There were 5,771 households, out of which 30.30% had children under the age of 18 living with them, 57.30% were married couples living together, 9.20% had a female householder with no husband present, and 29.00% were non-families. 25.20% of all households were made up of individuals, and 12.40% had someone living alone who was 65 years of age or older. The average household size was 2.46 and the average family size was 2.92.

In the county, the population was spread out, with 22.80% under the age of 18, 7.50% from 18 to 24, 28.10% from 25 to 44, 25.80% from 45 to 64, and 15.80% who were 65 years of age or older. The median age was 40 years. For every 100 females there were 102.60 males. For every 100 females age 18 and over, there were 103.00 males.
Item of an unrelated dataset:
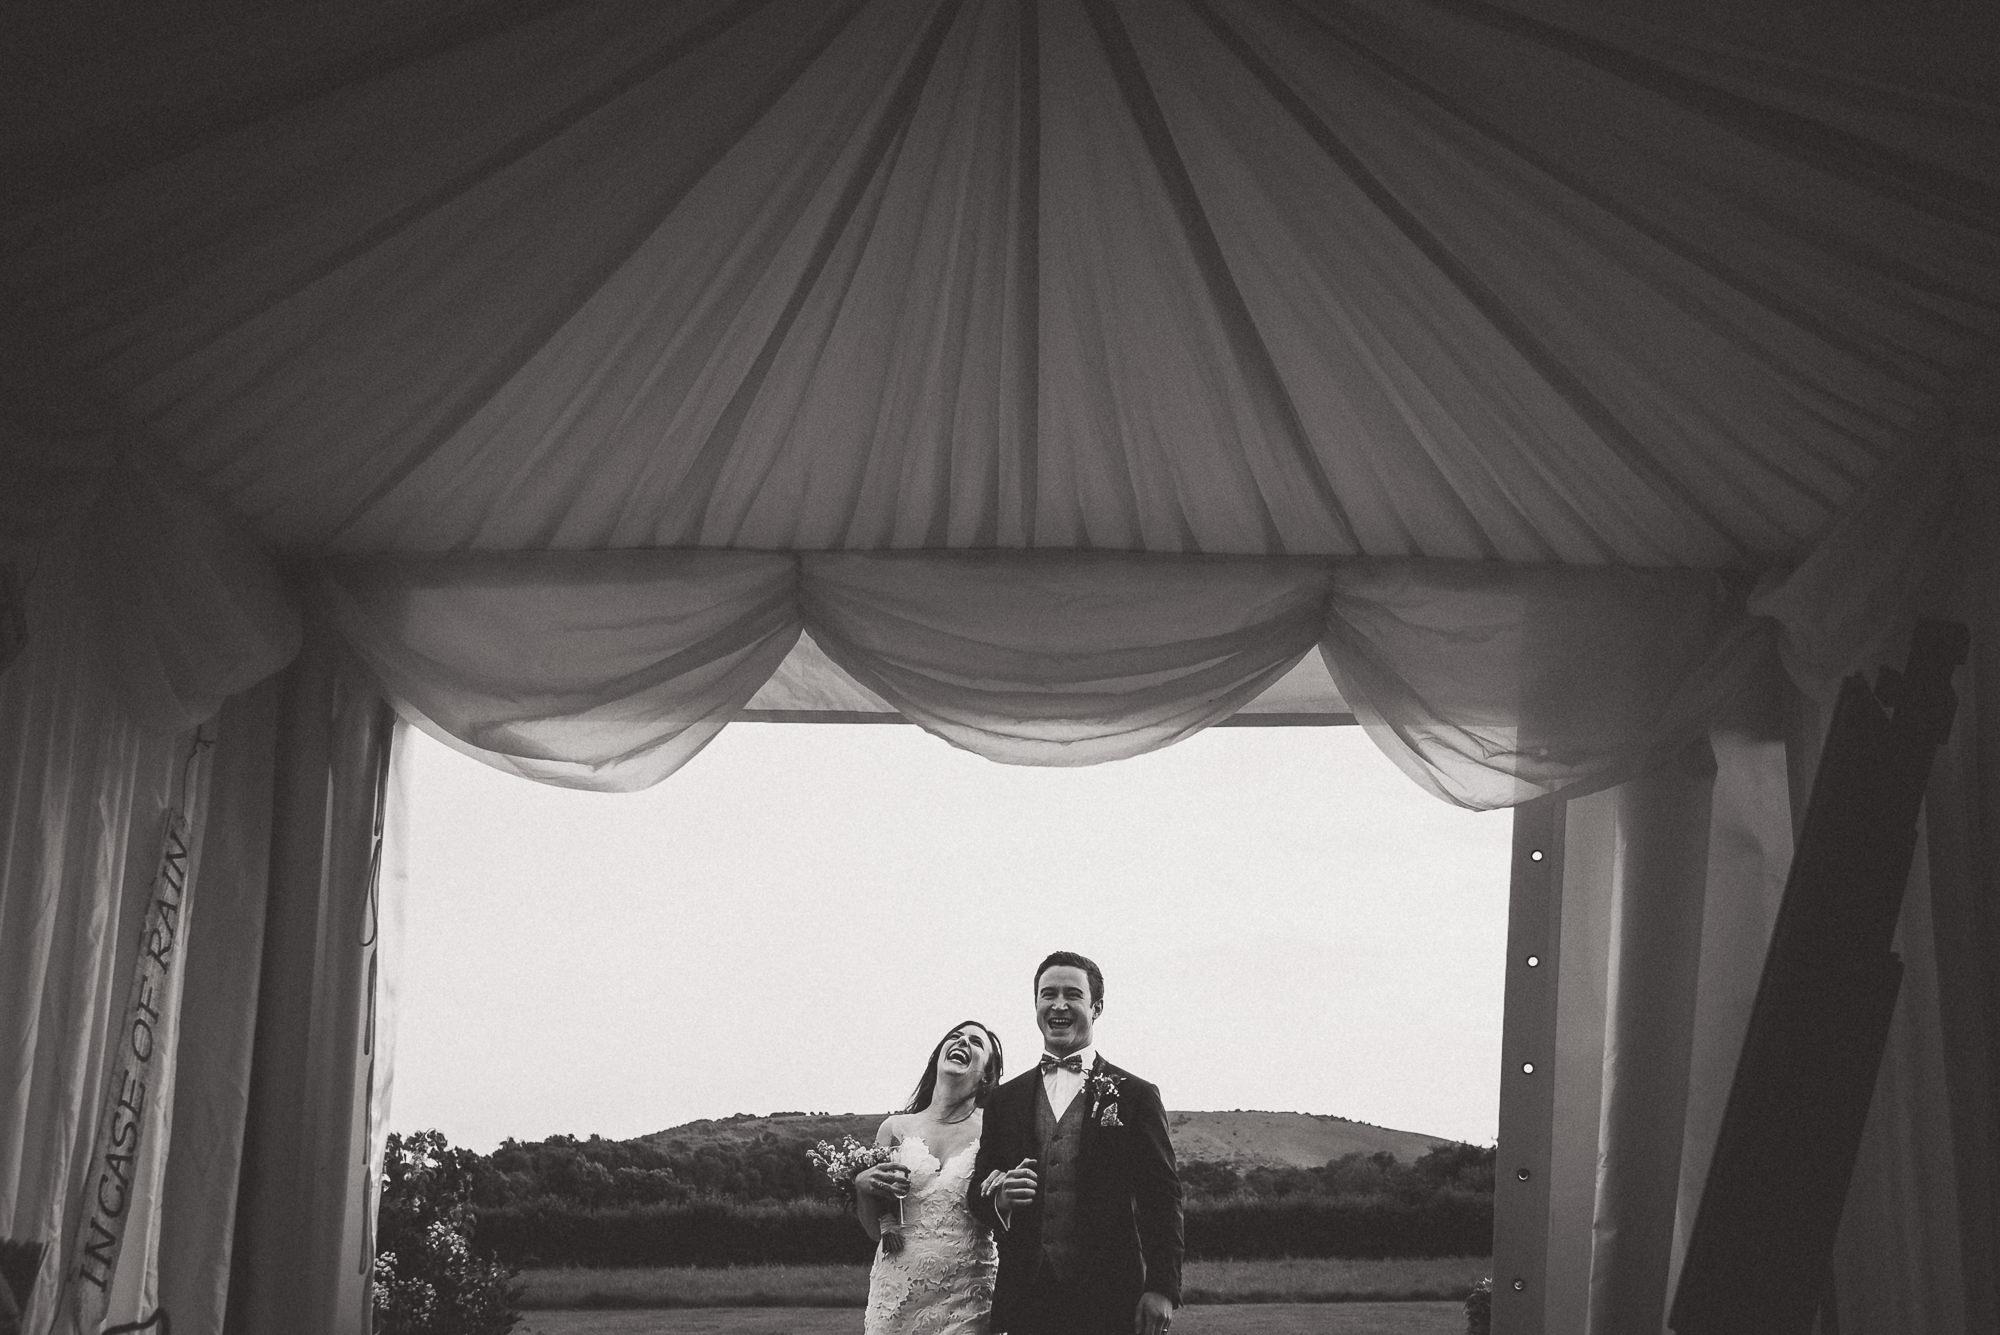 Veils & Bales Wedding Photography | Charlie & Steve SCSS 166

The median income for a household in the county was $24,412, and the median income for a family was $29,133. Males had a median income of $27,560 versus $17,778 for females. The per capita income for the county was $13,349. About 17.90% of families and 22.00% of the population were below the poverty line, including 27.90% of those under age 18 and 13.70% of those age 65 or over.
==Politics==
Braxton County, although initially opposed to secession during the first session of the Virginia Secession Convention, later became supportive. Consequently, up until the decline of coal mining unionization, and growing opposition to socially controversial issues, Braxton County was overwhelmingly Democratic. Like all of West Virginia, it has seen an extremely rapid shift to the Republicans over the past five elections.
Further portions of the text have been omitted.